TO DO >>
All lines from the one containing "第14张 【头条】蒙古族小伙用雕塑艺术创作出个性作品 蒙古画廊" through the last line of the listing should be given again exactly, with no pictures.

SUPPLIED DATA >>
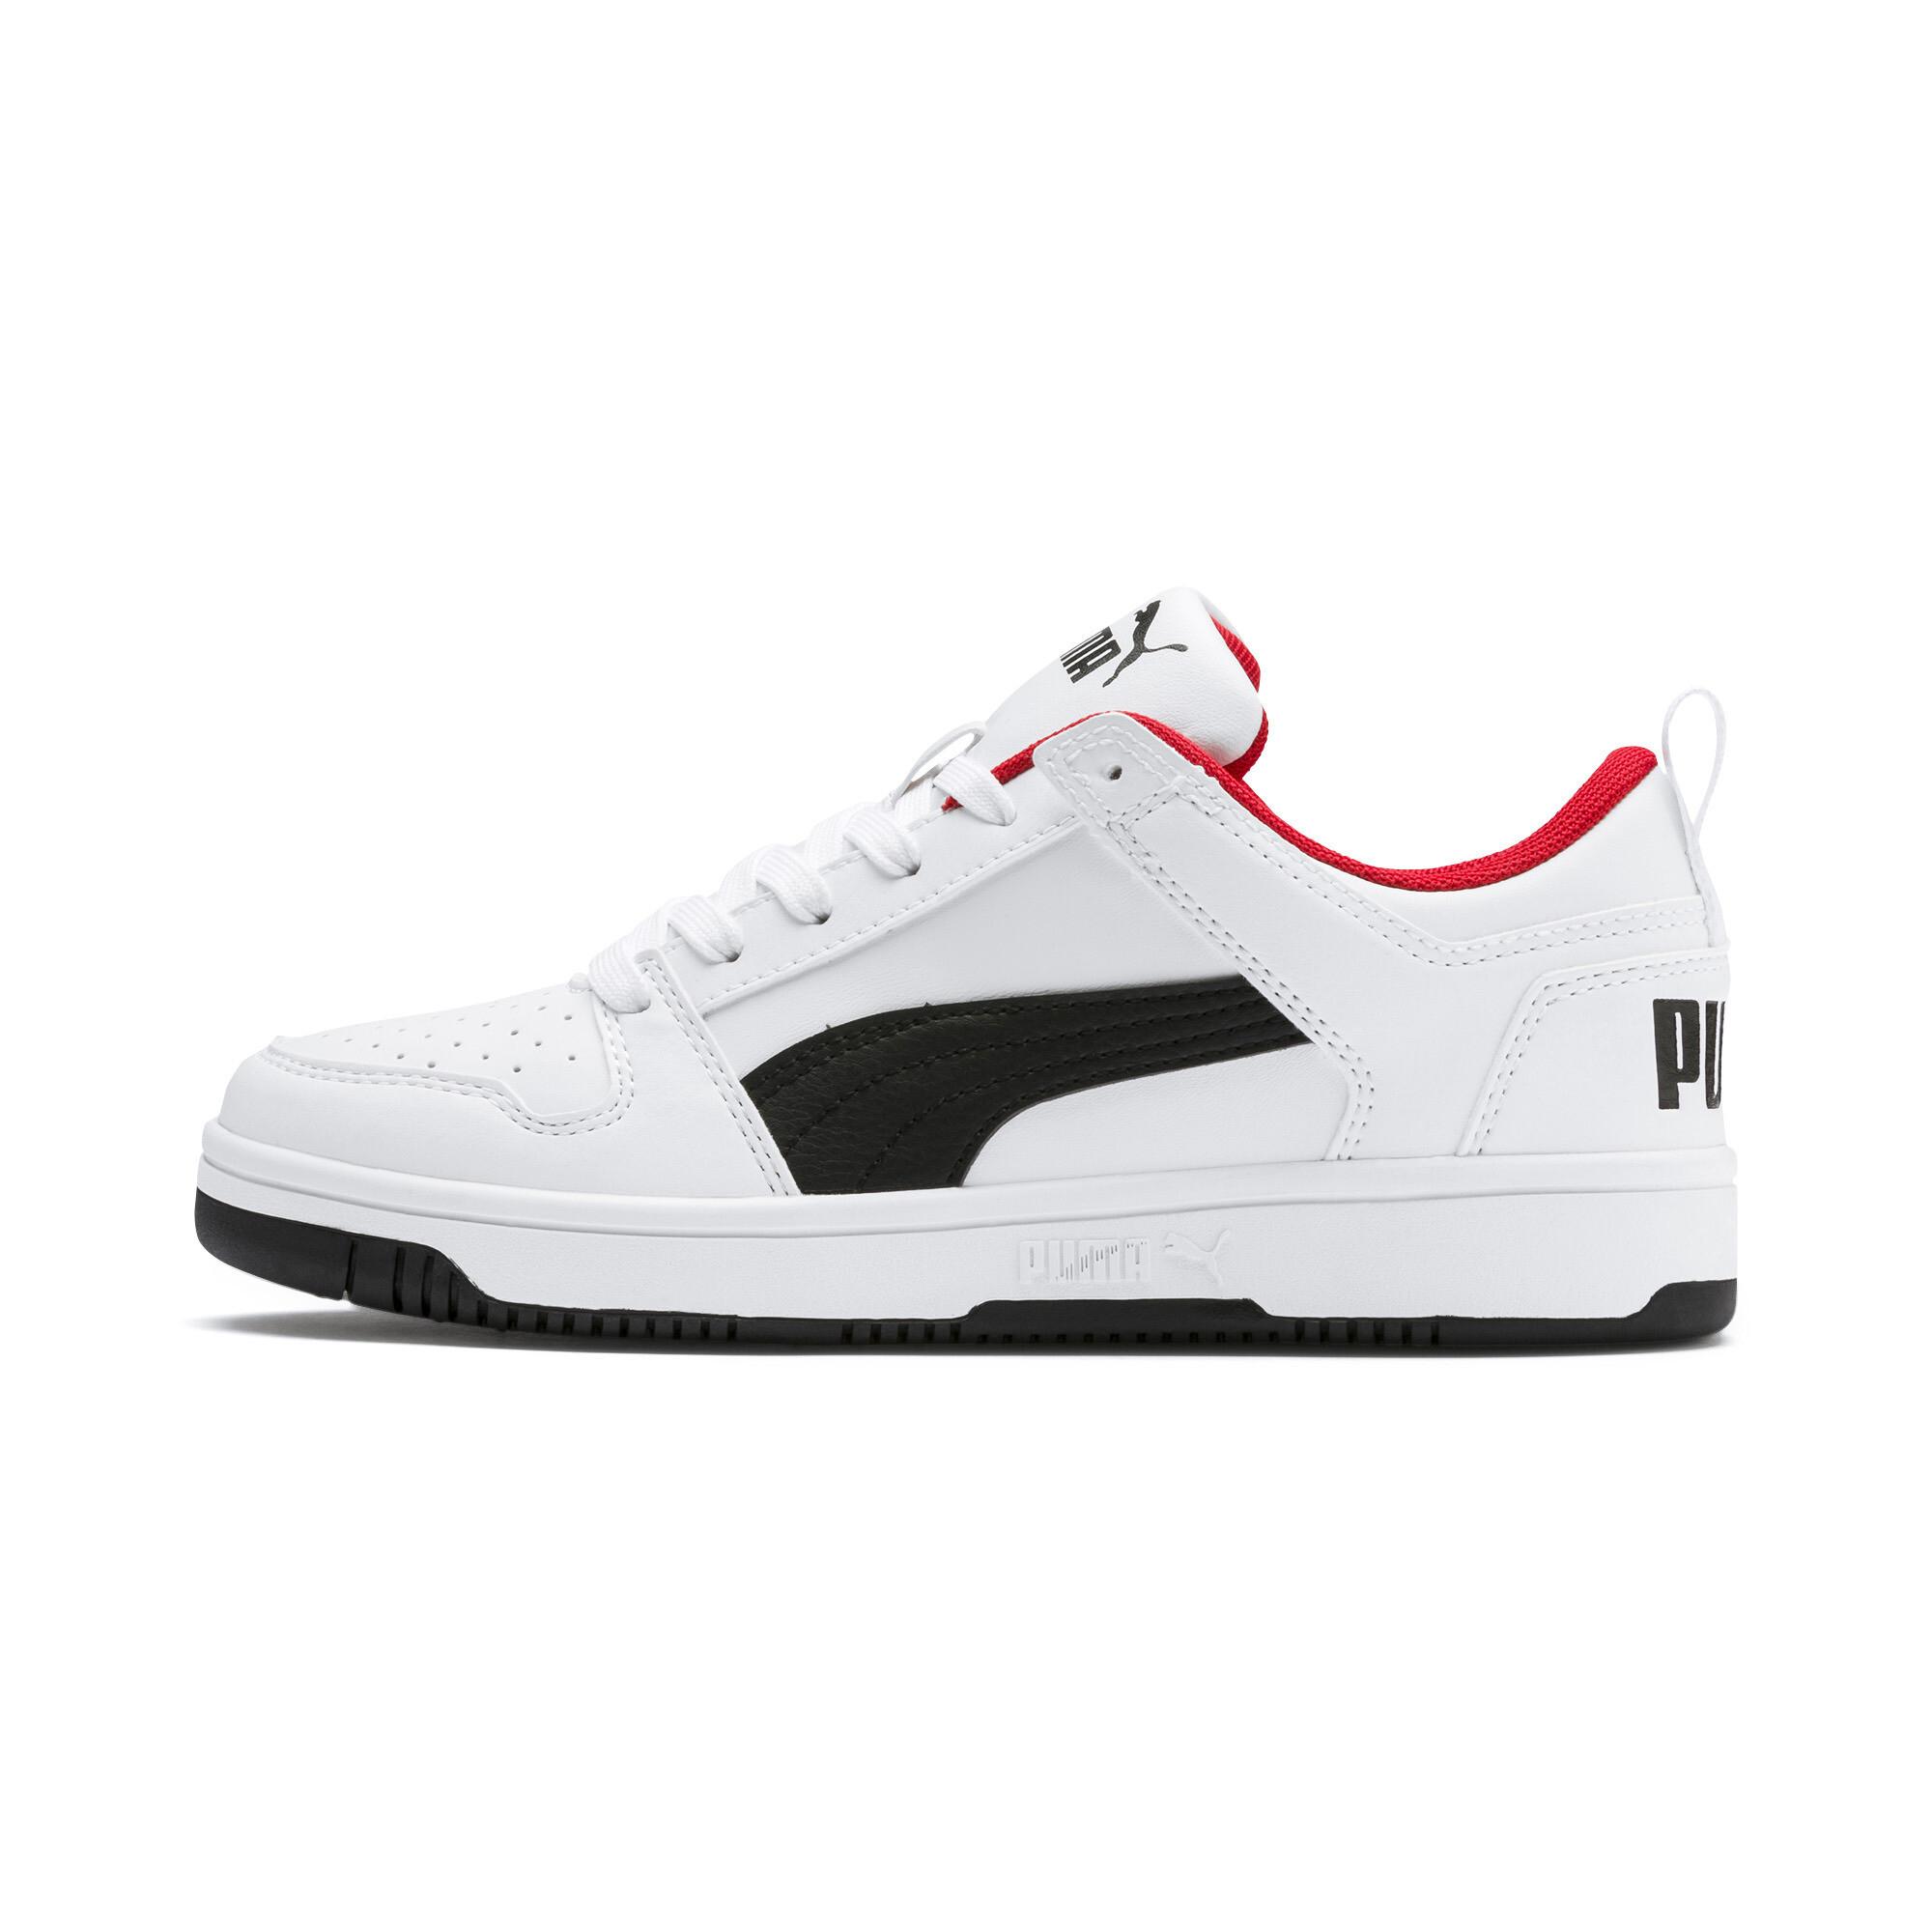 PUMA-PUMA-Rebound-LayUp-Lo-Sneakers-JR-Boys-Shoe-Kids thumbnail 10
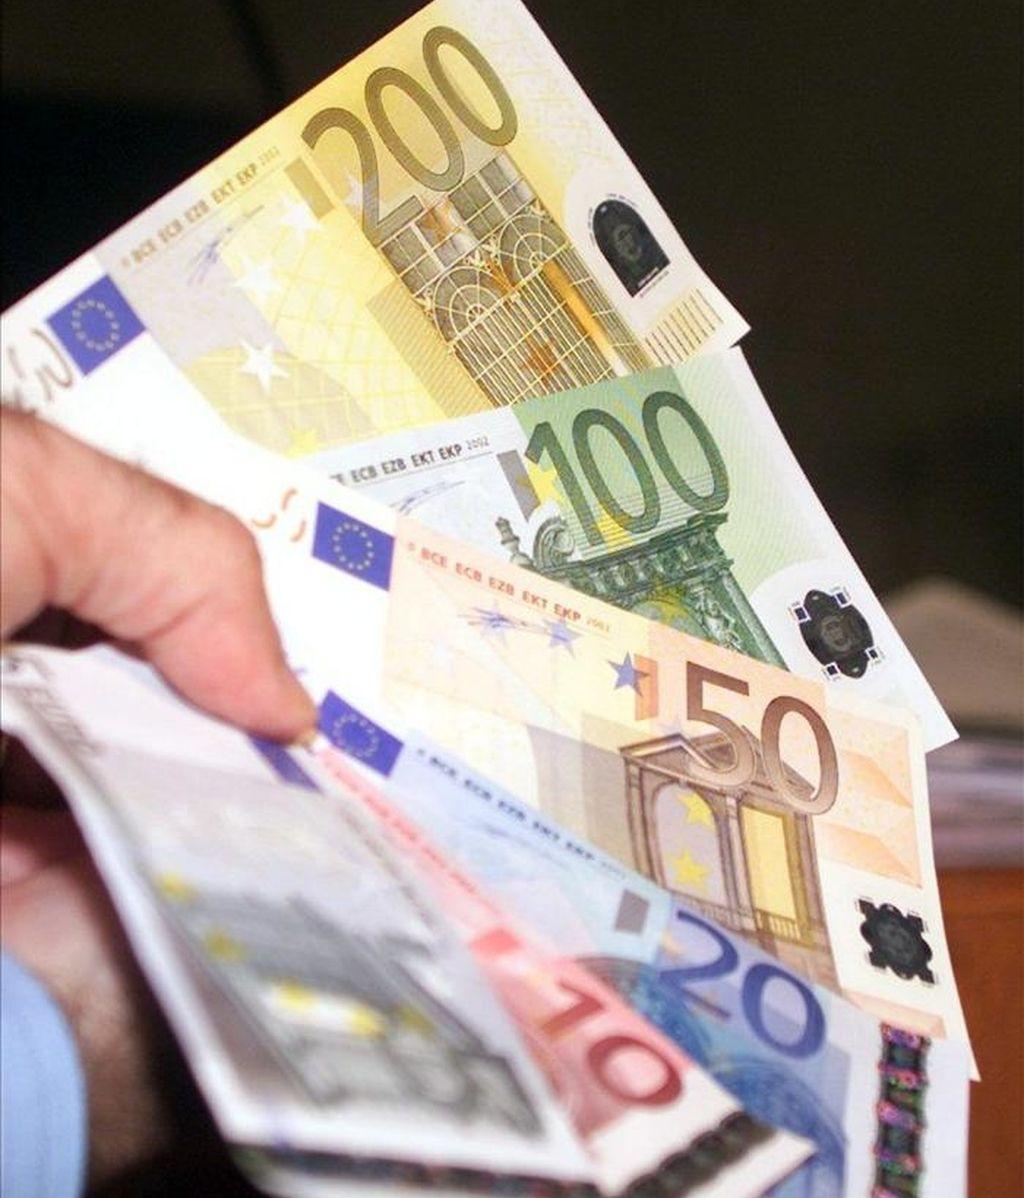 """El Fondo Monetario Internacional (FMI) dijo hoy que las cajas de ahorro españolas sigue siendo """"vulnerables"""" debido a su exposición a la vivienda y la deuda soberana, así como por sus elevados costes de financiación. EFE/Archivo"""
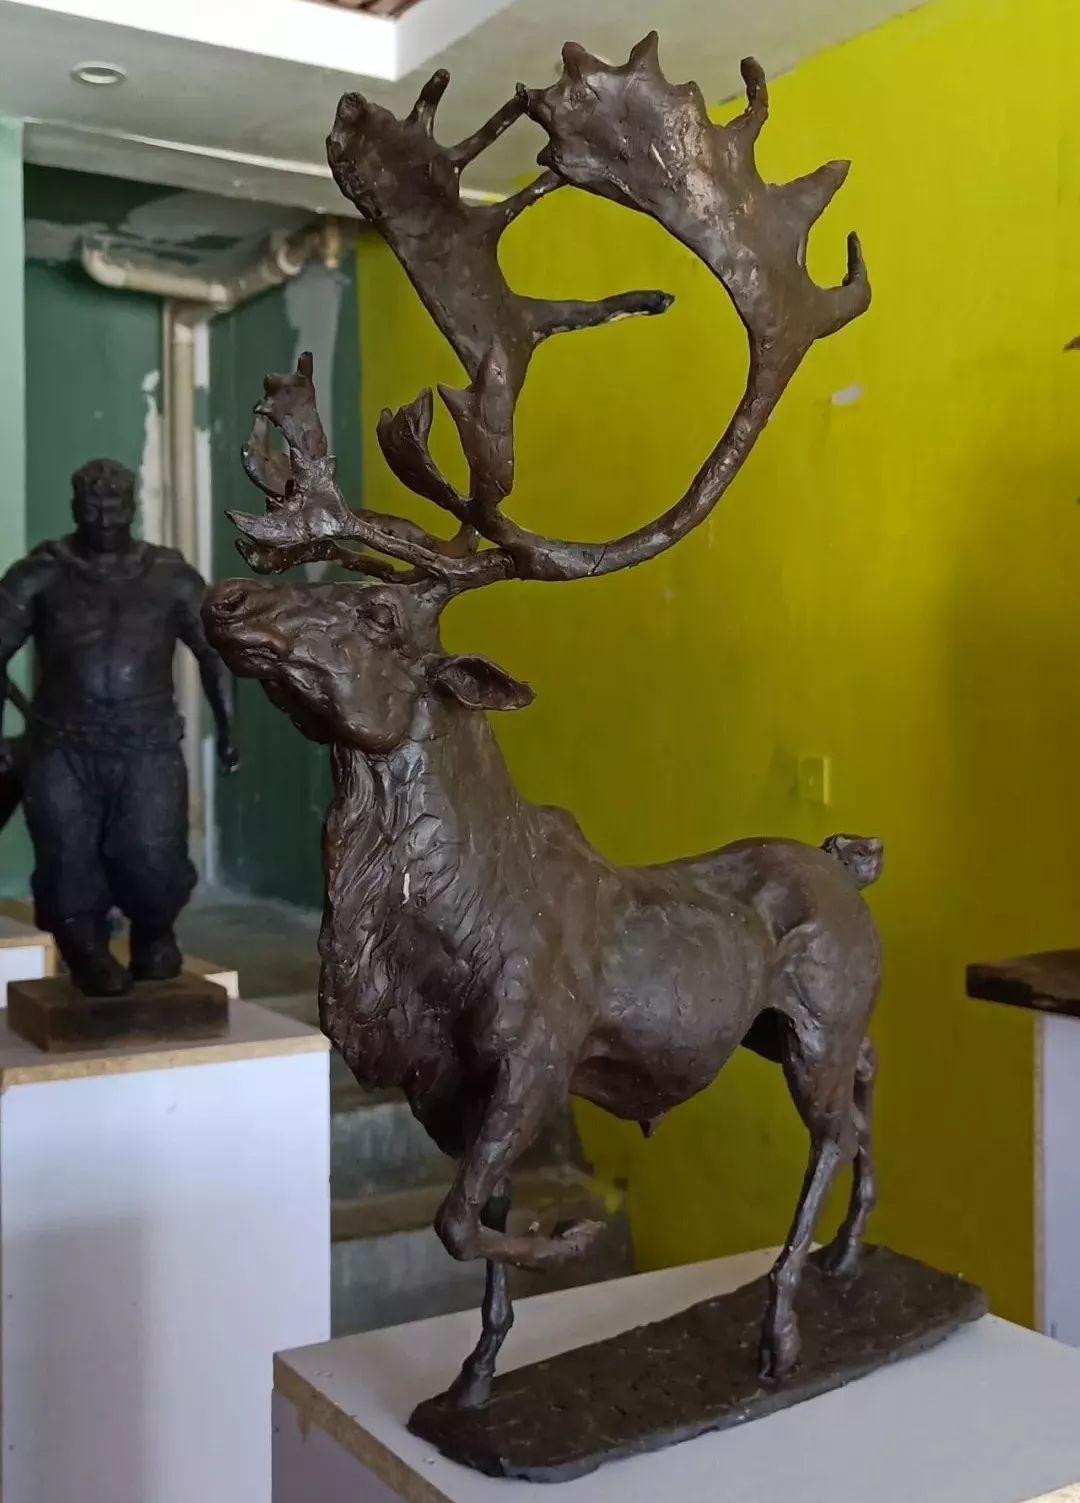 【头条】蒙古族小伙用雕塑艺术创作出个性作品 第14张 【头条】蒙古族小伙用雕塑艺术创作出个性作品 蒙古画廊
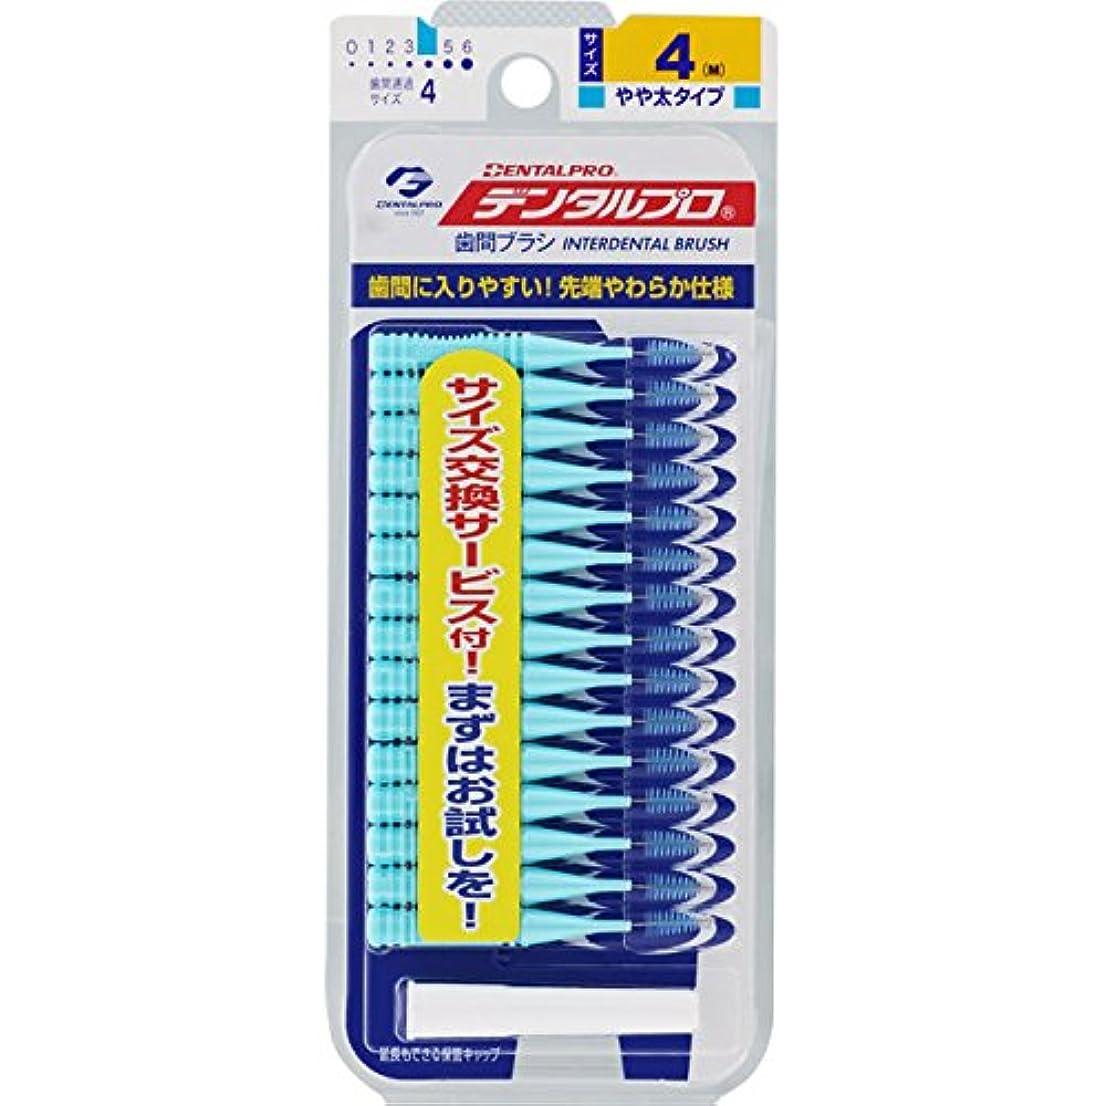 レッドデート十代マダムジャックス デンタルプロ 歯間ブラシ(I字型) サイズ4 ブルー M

TASK OUTPUT >>
 【头条】蒙古族小伙用雕塑艺术创作出个性作品 第14张 【头条】蒙古族小伙用雕塑艺术创作出个性作品 蒙古画廊
 レッドデート十代マダムジャックス デンタルプロ 歯間ブラシ(I字型) サイズ4 ブルー M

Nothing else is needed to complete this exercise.